Thanks, coyote, for the Link, and kfw and atm711 for your comments. I've skimmed it and am looking forward to watching closely very soon.

In the meantime, I came across the following comments by Monica Mason in the latest (Fall 2008) Ballet Review. I have added boldface to some of her comments.

BR: Wayne McGregor seems to some an odd choice as resident choreographer since he has no ballet background.

Mason: He has no classical background. What he has is a tremendous artistic talent. I wanted someone who is going to inspire young dancers to be creative. { ... } We have some remarkable talent around. Wayne himself is very inspired by our young choreographers. I think that what Wayne is doing is joining the work that goes on in the School, from the Lower School at White Lodge linking right up to the Senior School.

It's very important that there is a continuity from when young dancers start to make ballets at the age of twelve right through into the company -- that they are advised and guided, and that there is a single thread of intention. That's what Wayne is providing at the moment. Is is linking up all the choregraphers. He is making a tremendous commitment also the Opera House.

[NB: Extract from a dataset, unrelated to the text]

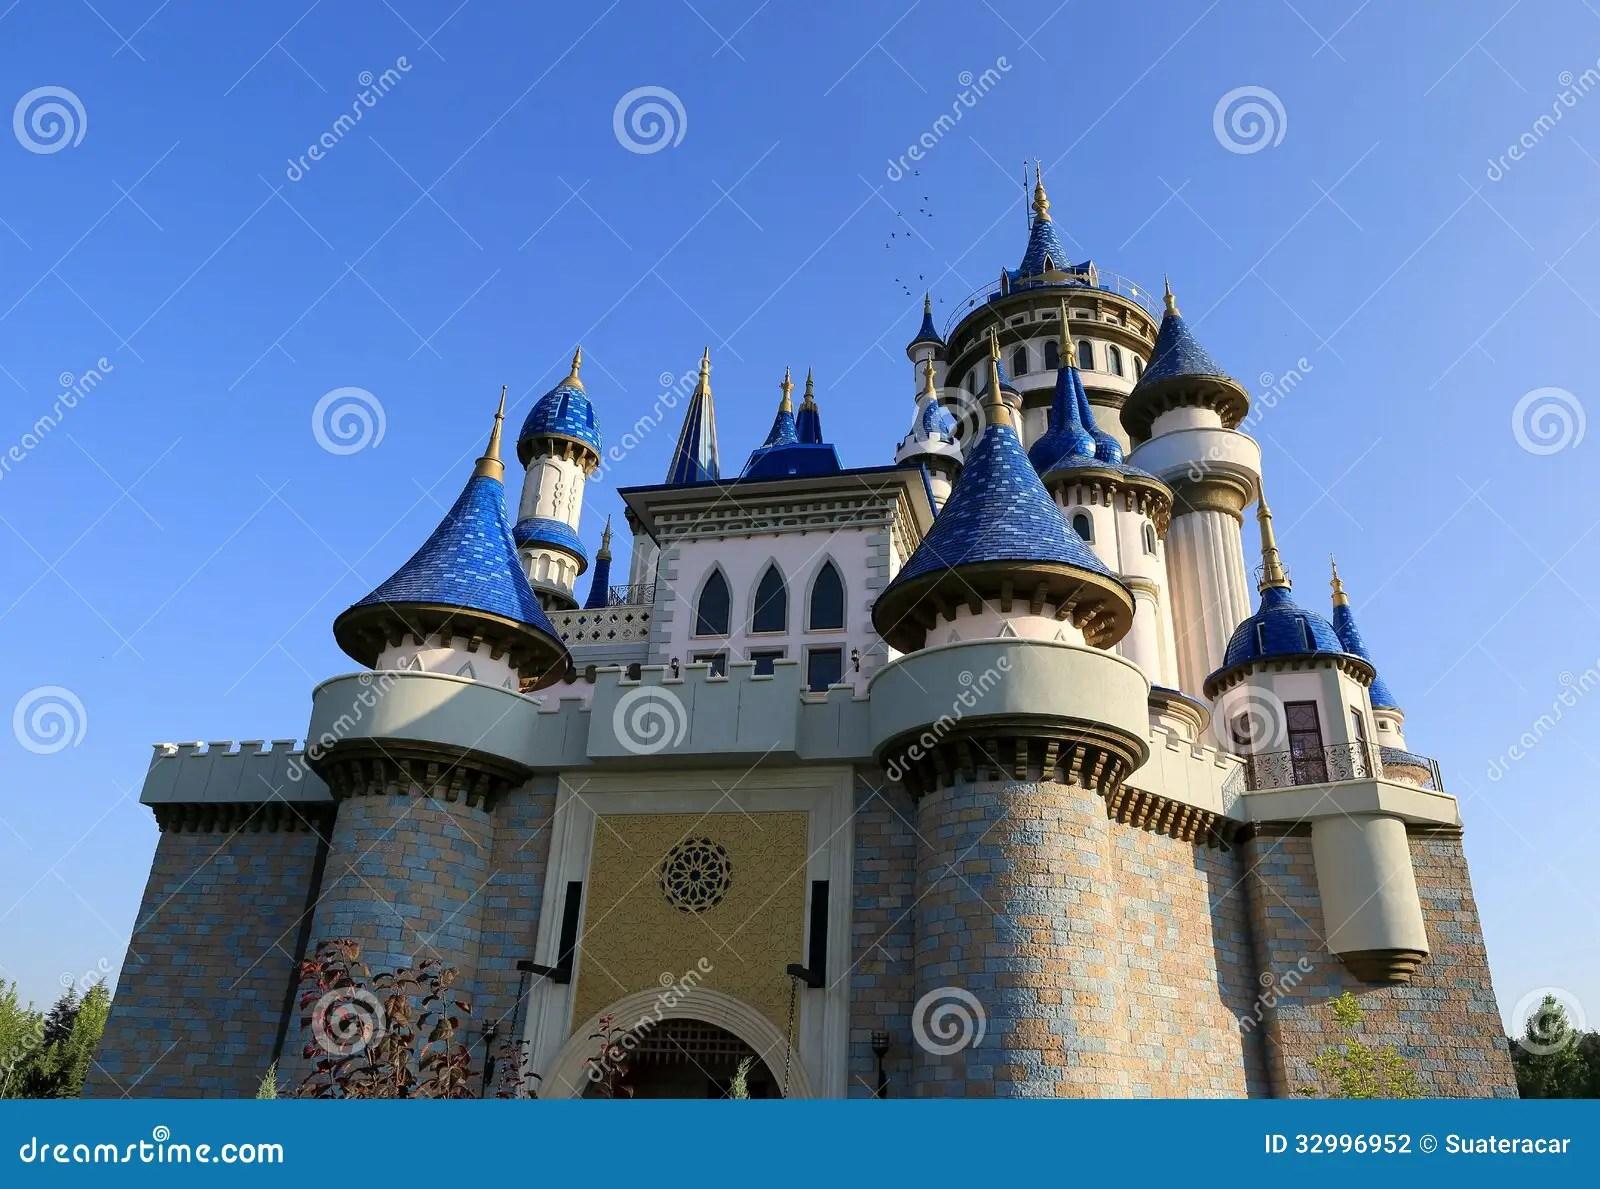 Fairytale Castle Stock Photography  Image 32996952

BR: Is he going to create a new ballet every season for the company?

Mason: We haven't spelled it out like that. It just so happens that he didn't make a new piece for the main stage this year. But he did make Nimbus for the Winter Gala. He'll make a piece next year and in the following yeare.


Mason clearly sees "classical" as just one variant of "ballet." McGregor is seen as providing, for students and young choregraphers, a "single thread of intention." Is Mason saying that it is McGregor who will, for the future, be the one providing "continuity," advice, guidance, and linkage? Depending on how you approach her comments, this could be either inspirational or rather frightening.